I knew today would be different, I had done something ridiculously out of character, thoroughly proving that it is never a good thing to step out of your comfort zone.
It all started earlier that morning. I hadn't had time to shower, because yet again my alarm had sounded too early for my liking, therefore I ignored it. My dad yelled at me to get up, and when I realized how late it was I ran around like a chicken with it's head cut off, trying to get myself together before he killed me. I picked up whatever articles of clothing I could find, and tugged them on hasitly before rushing out the door. I was upset that I didn't get to clean up really before school, but at least I had bandaged most of my cuts from the night before. I really shouldn't have blamed it all on waking up late, because none of it would have mattered if I had just stuck to my normal appearance for school. That's right it wasn't just the missed shower that would make me miserable.
It was the fact that I had worn my hair up.
I know, I know, what's the big deal right? In my haste I had forgotten that my hair was still in a messy, crazy knot at the base of my skull. I had tied it up last night before bed. Wearing my hair up is something I rarely do, because I can't hide behind anything, my face being so openly exposed. Anyways, I hadn't had time to mess around with it this morning, so up it was. I didn't think anything of it really, I mean who would even notice, right?

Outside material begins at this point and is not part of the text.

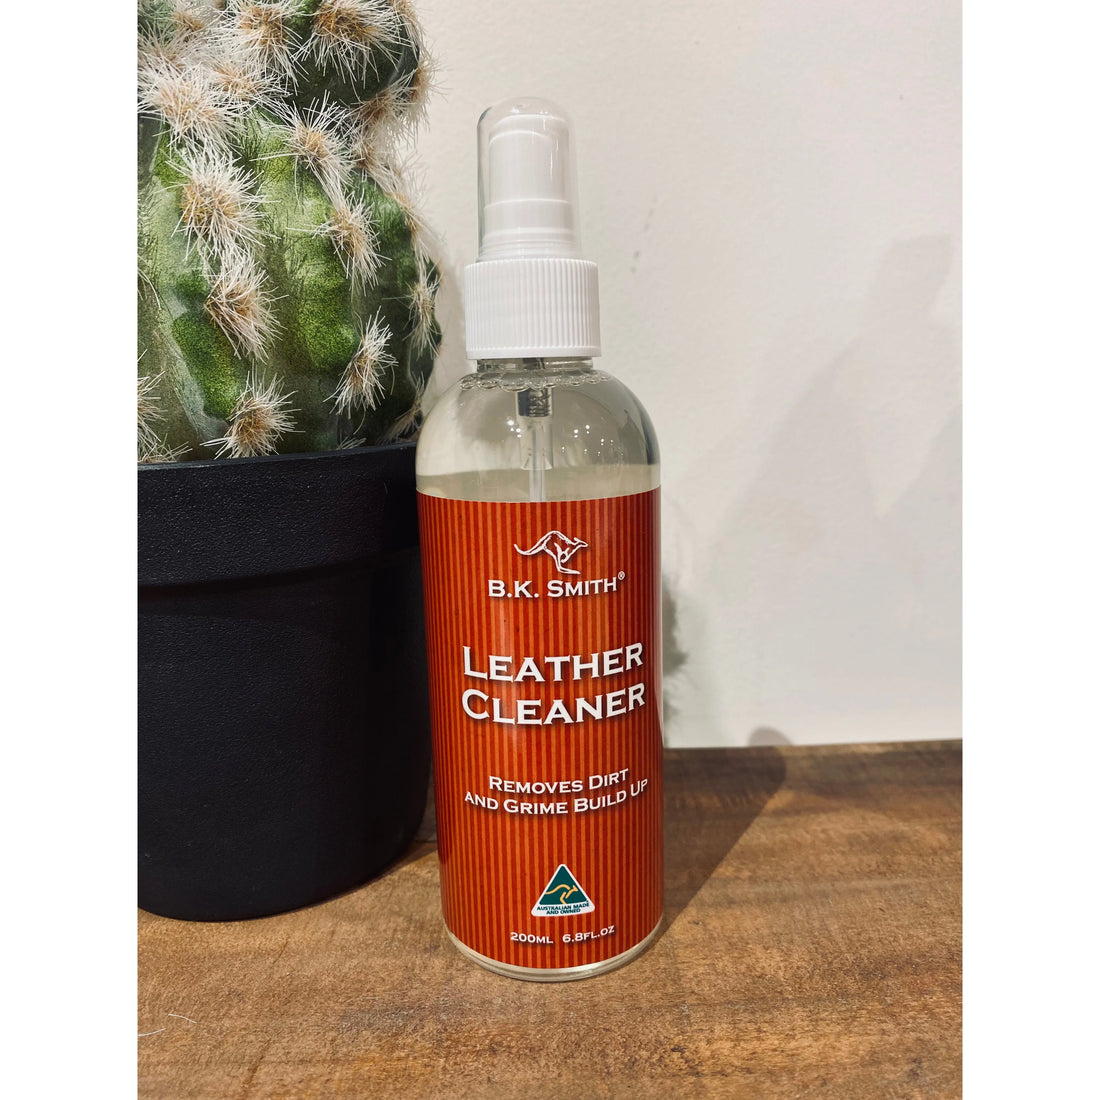 B.K. Smith Leather Cleaner 200m

I was making my way to chemistry, late pass in hand, and I could feel my heart sinking with each step. I would have to see Jace, and after yesterday I really just wanted to stay as far away from him as I could.
I opened the door to the class, and was instantly greeted with the stares of all my peers. It felt so much like my first day here that I wanted to turn and run. I took a deep breath and pushed forward grudgingly, making sure not to look in Jace's direction.
"Ms. Smith." Mr. Plant nodded at me while taking the late slip from my hand.
I scurried over to the table with my head down, and plopped heavily into my seat, keeping my eyes glued to the table I tried to relax, but I could feel his eyes on me. My face was on fire, and I longed for my long locks to hide behind.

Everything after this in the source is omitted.